It details to the quality and quantity of goods.

Order bill of lading
This bill uses express words to make the bill negotiable, e.g. it states that delivery is
to be made to the further order of the consignee using words such as "delivery to A Ltd. or to order or assigns".
Consequently, it can be indorsed (legal spelling of endorse, maintained in all statute, including Bills of Exchange Act 1909
(CTH)) by A Ltd. or the right to take delivery can be transferred by physical delivery of the bill accompanied by adequate
evidence of A Ltd.'s intention to transfer.

Bearer bill of lading
This bill states that delivery shall be made to whosoever holds the bill. Such bill may be created explicitly or it is an order bill
that fails to nominate the consignee whether in its original form or through an endorsement in blank. A bearer bill can be
negotiated by physical delivery.

Surrender bill of lading
Under a term import documentary credit the bank releases the documents on receipt from the negotiating bank but the importer
does not pay the bank until the maturity of the draft under the relative credit. This direct liability is called Surrender Bill of Lading
(SBL), i.e. when we hand over the bill of lading we surrender title to the goods and our power of sale over the goods.

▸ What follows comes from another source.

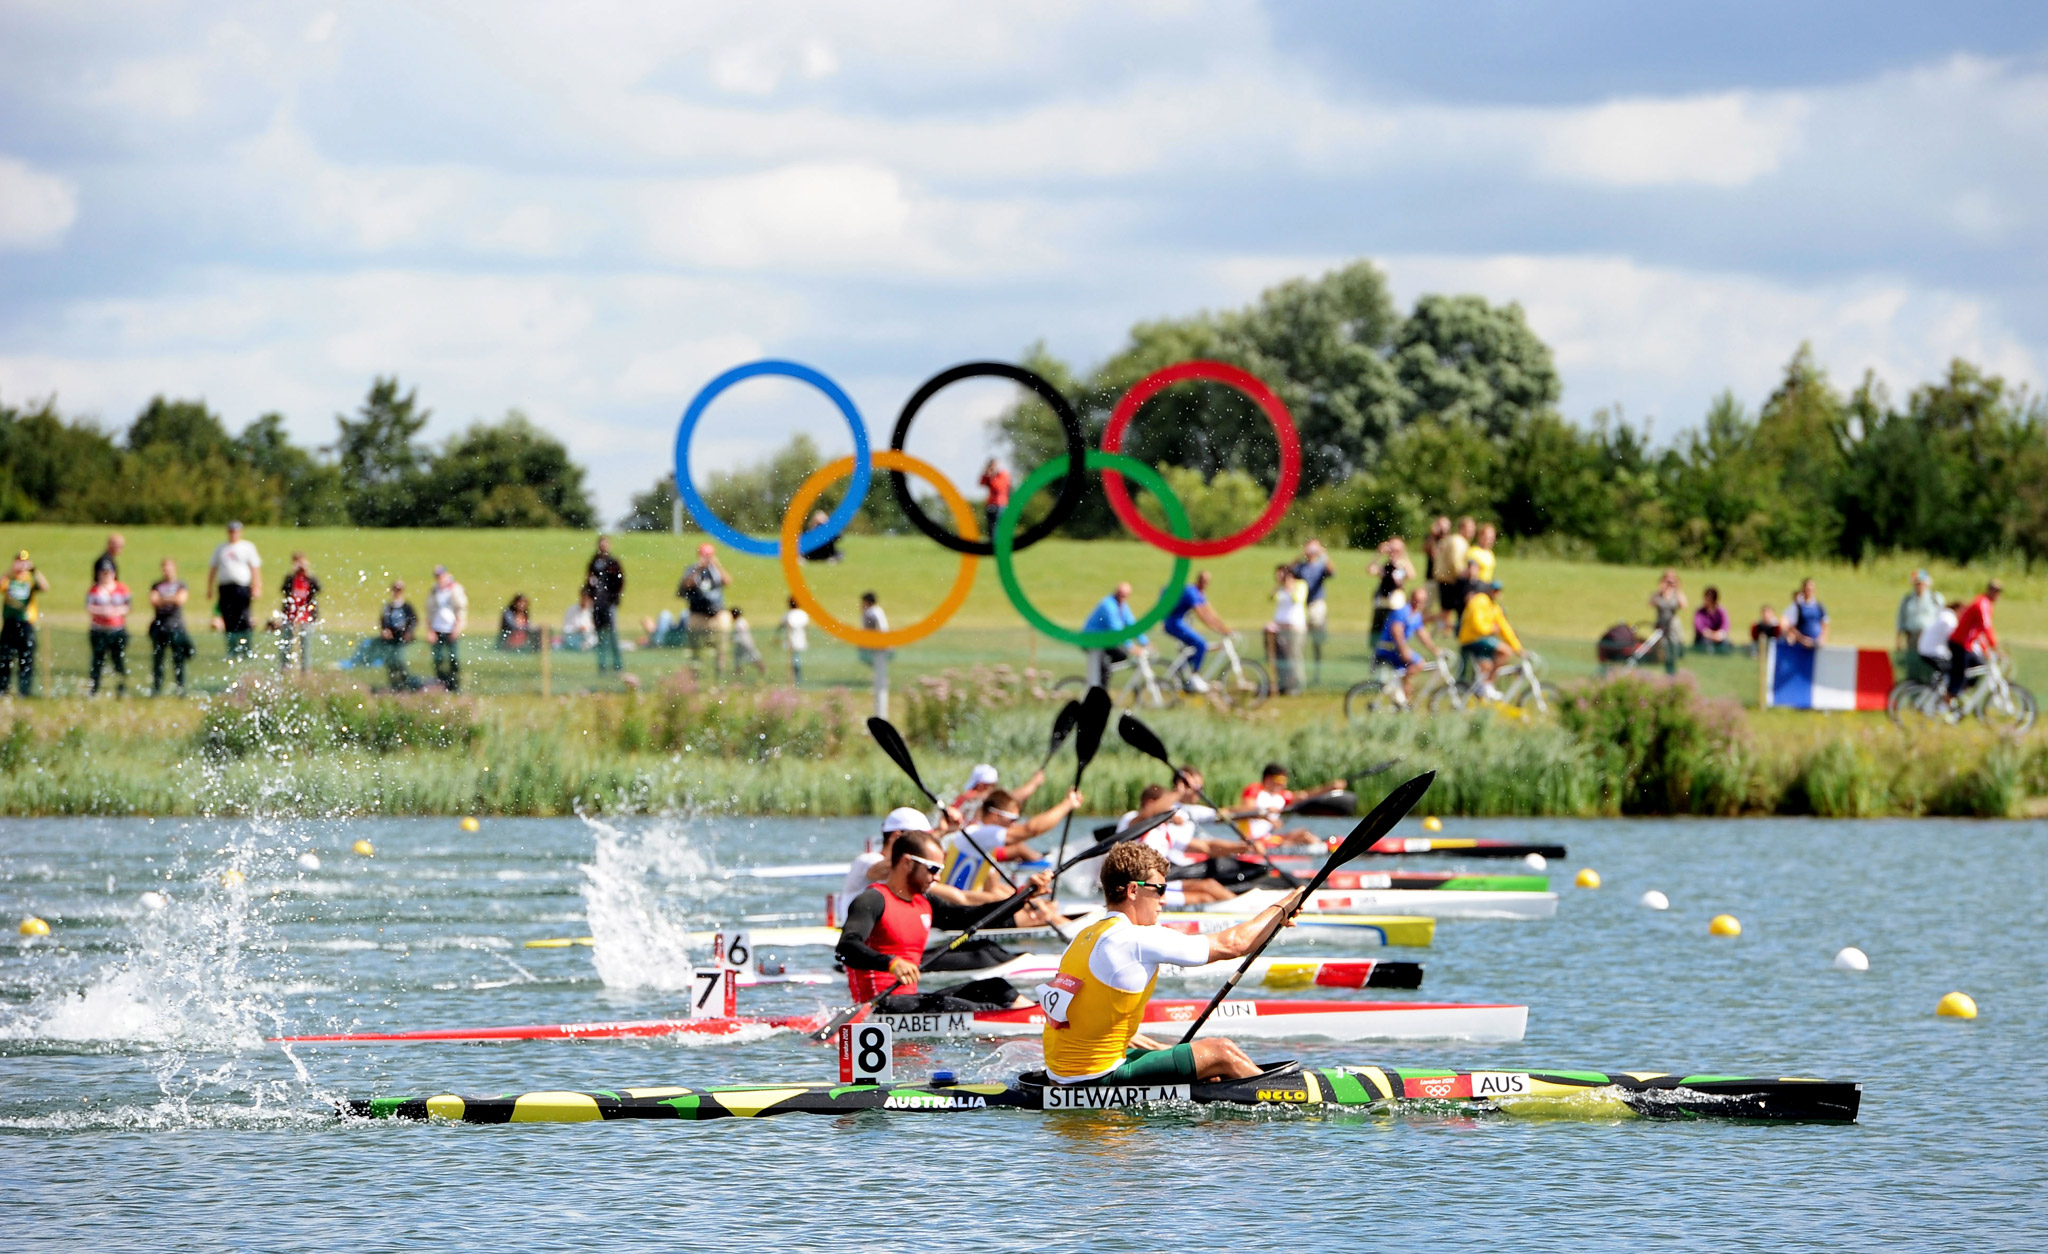 1000m Canoe Sprint semifinal

A clean bill of lading states that the cargo has been loaded on board the ship in apparent good order and condition.
Such a BL will not bear a clause or notation which expressively declares a defective condition of goods and/or the packaging.
Thus, a BL that reflects the fact that the carrier received the goods in good condition. The opposite term is a soiled bill of lading,
which reflects that the goods are received by the carrier in anything but good condition.

Other terminology
A sea or air waybill is a non-negotiable receipt issued by the carrier. It is most common in the container trade either where the
cargo is likely to arrive before the formal documents or where the shipper does not insist on separate bills for every item of
cargo carried (e.g. because this is one of a series of loads being delivered to the same consignee).
Delivery is made to the consignee who identifies himself. It is customary in transactions where the shipper and consignee are
the same person in law making the rigid production of documents unnecessary.

The UK's Carriage of Goods by Sea Act 1992 creates a further class of document known as a ship's delivery order which
contains an undertaking to carry goods by sea but is neither a bill nor a waybill.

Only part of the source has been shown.